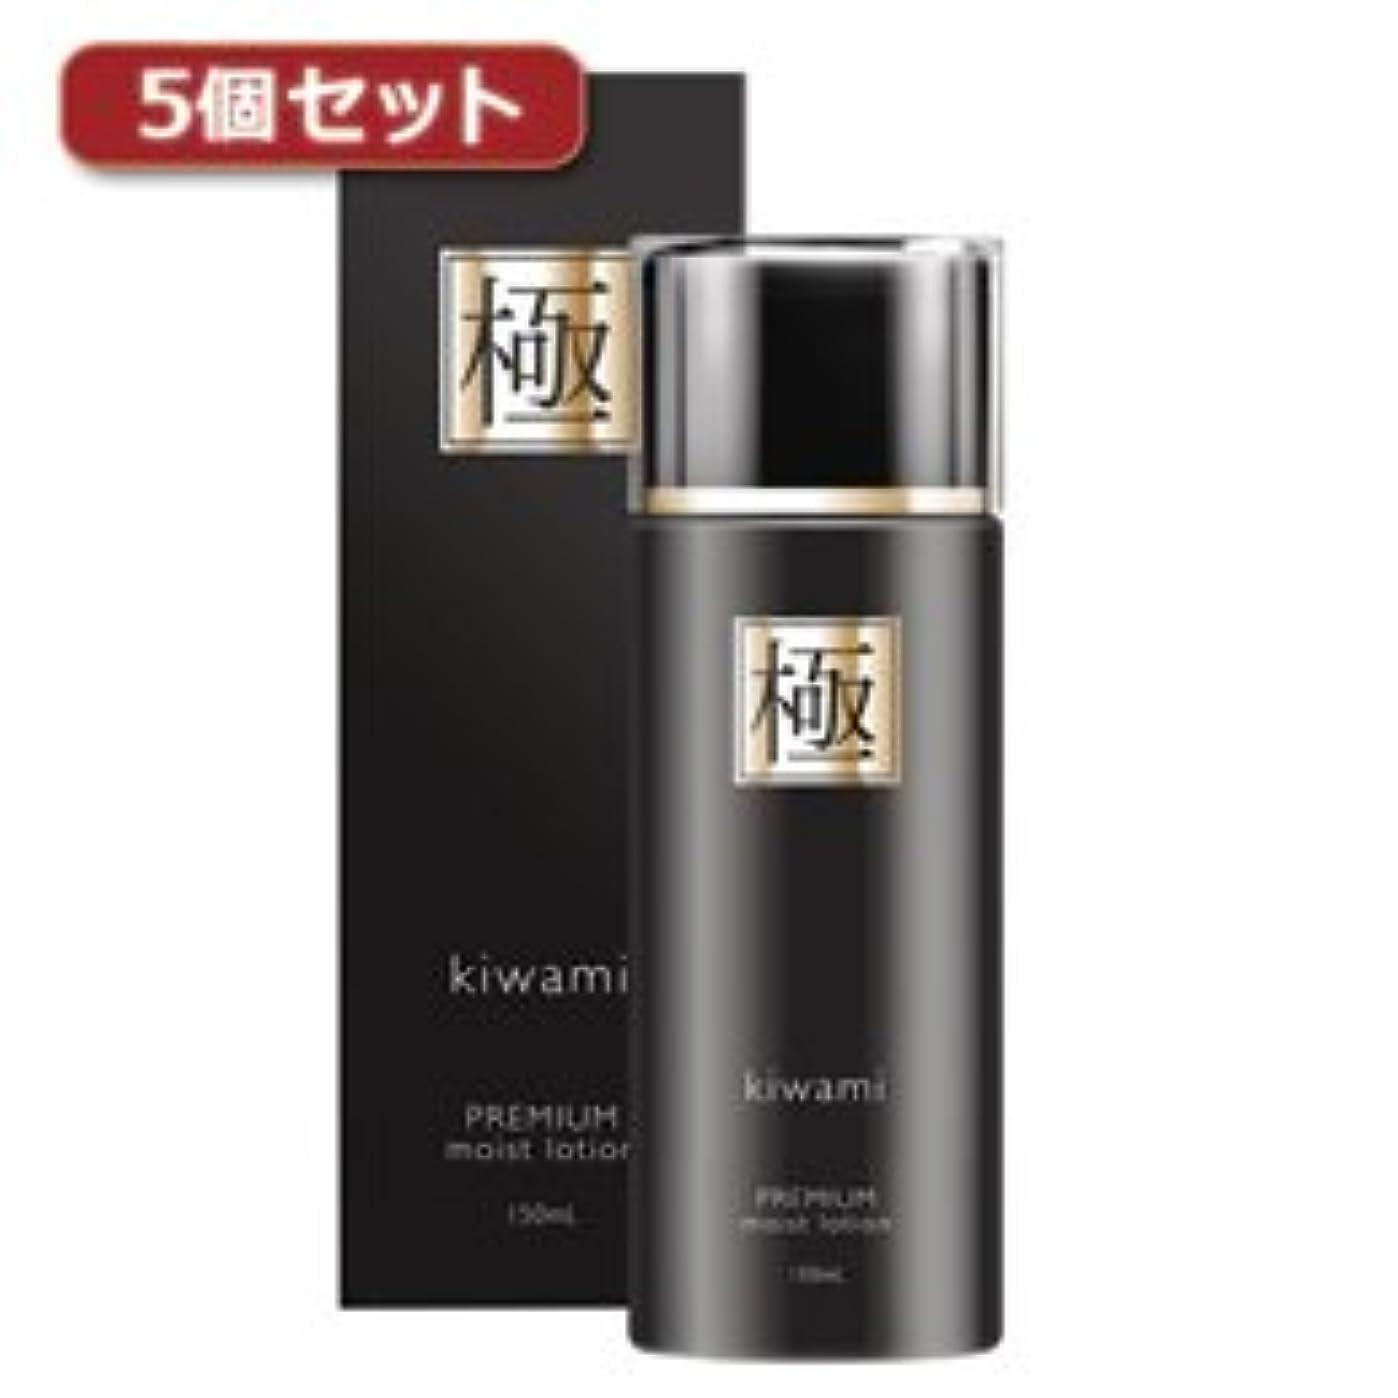 高原リフト王女(2個まとめ売り) 5個セット極 プレミアムモイストローション premium moist lotion EV96454X5
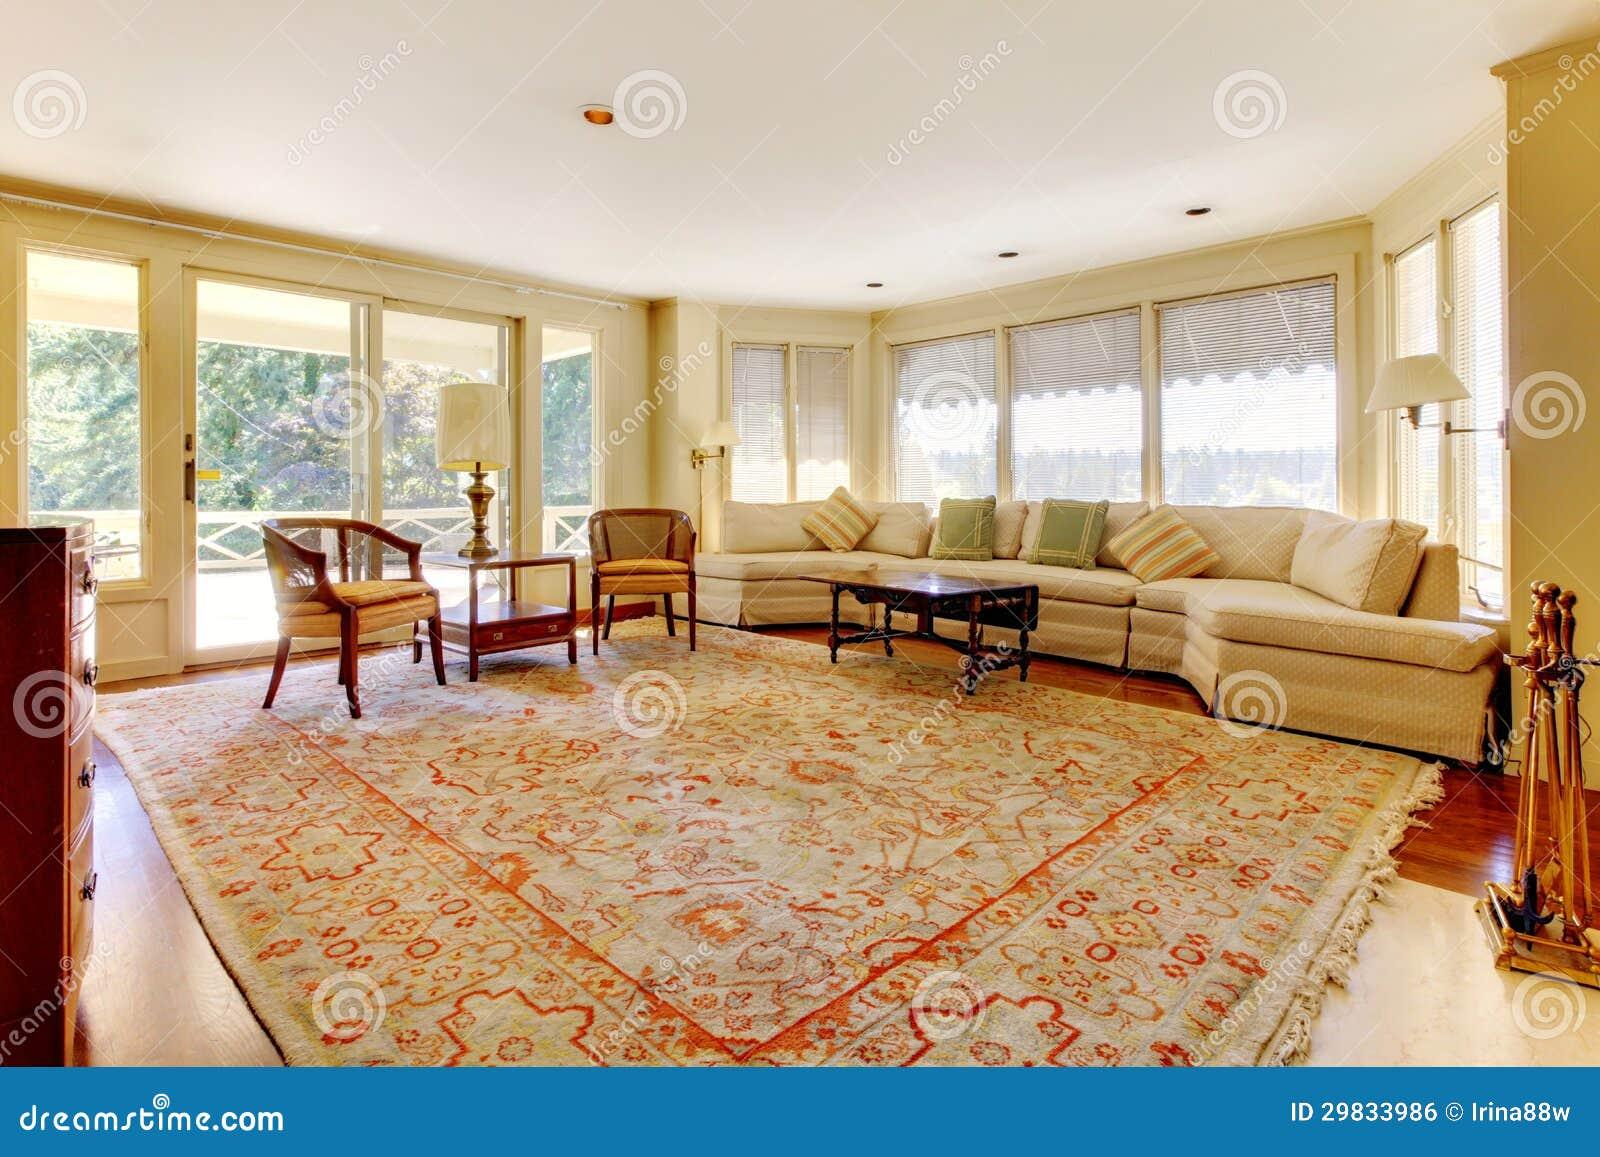 Oude amerikaanse huis grote woonkamer royalty vrije stock afbeelding afbeelding 29833986 - Deco grote woonkamer ...
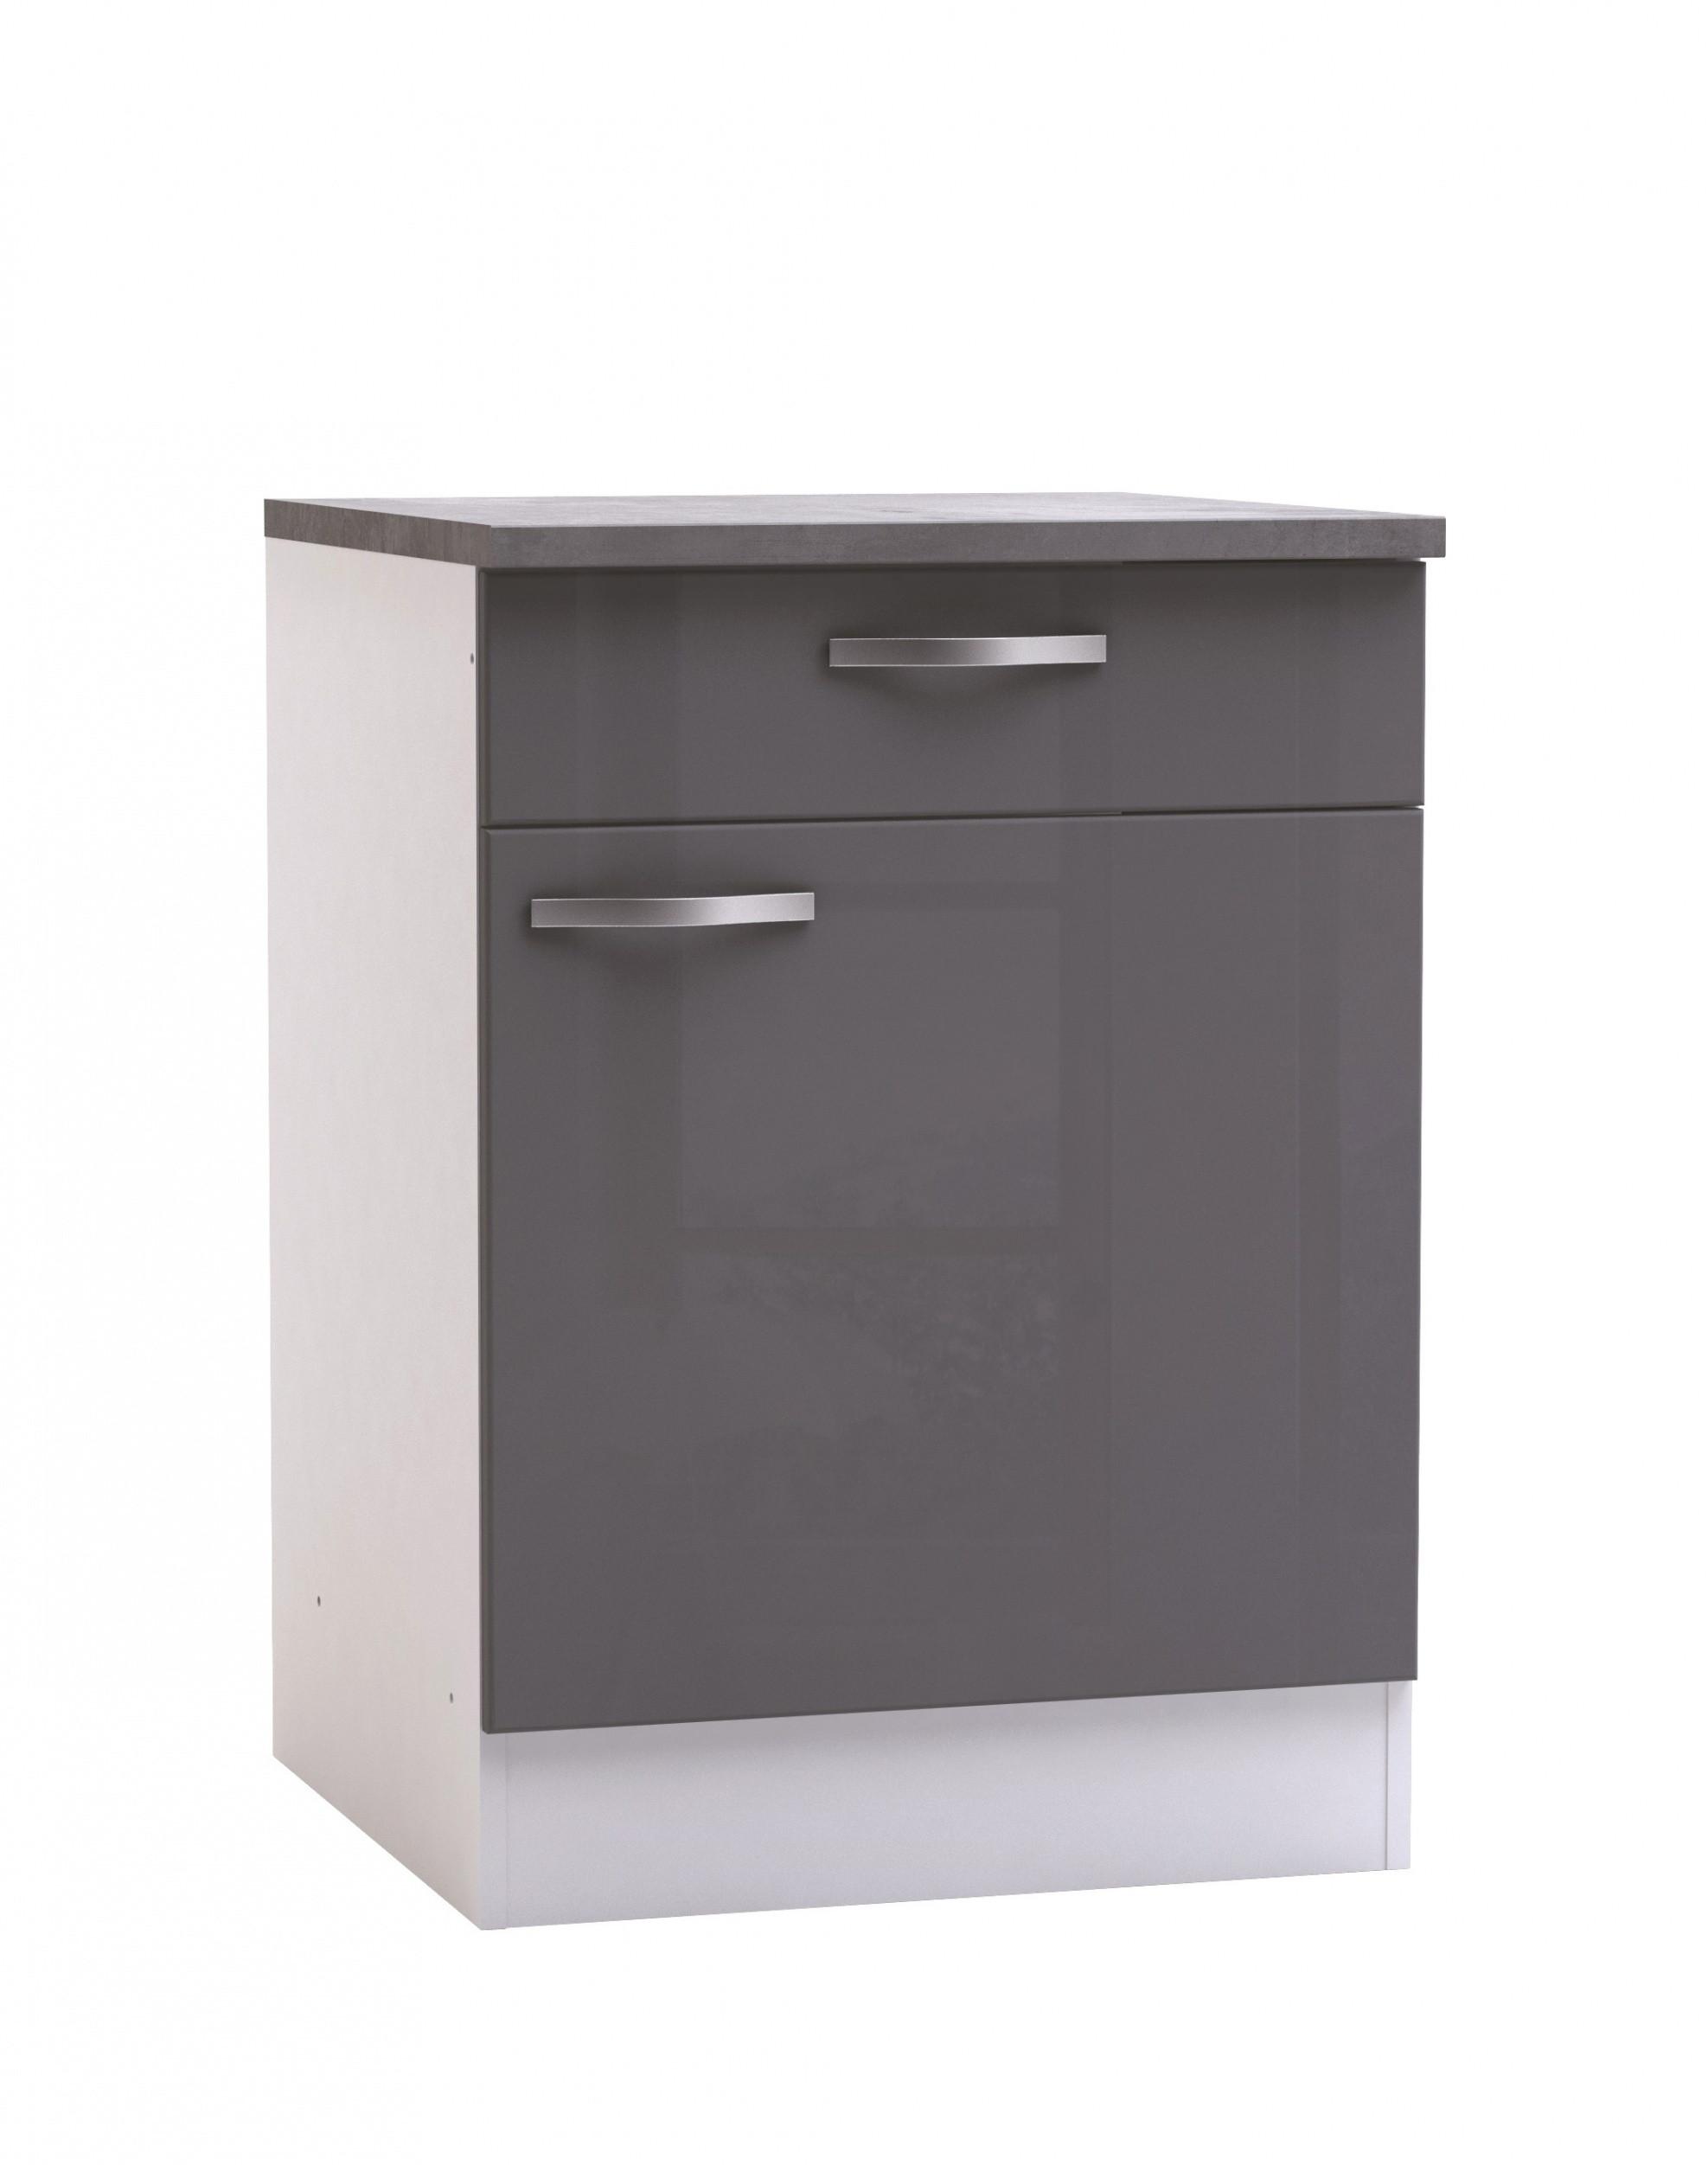 meuble bas blanc meuble bas metal best meuble noir et bois meuble blanc 0d range of meuble bas blanc
****
## Exercise prompt
Only the pictures are to be dropped; the rest of the material above must be duplicated exactly.

## Response area
 高原リフト王女(2個まとめ売り) 5個セット極 プレミアムモイストローション premium moist lotion EV96454X5
 Oude amerikaanse huis grote woonkamer royalty vrije stock afbeelding afbeelding 29833986 - Deco grote woonkamer ...
 meuble bas blanc meuble bas metal best meuble noir et bois meuble blanc 0d range of meuble bas blanc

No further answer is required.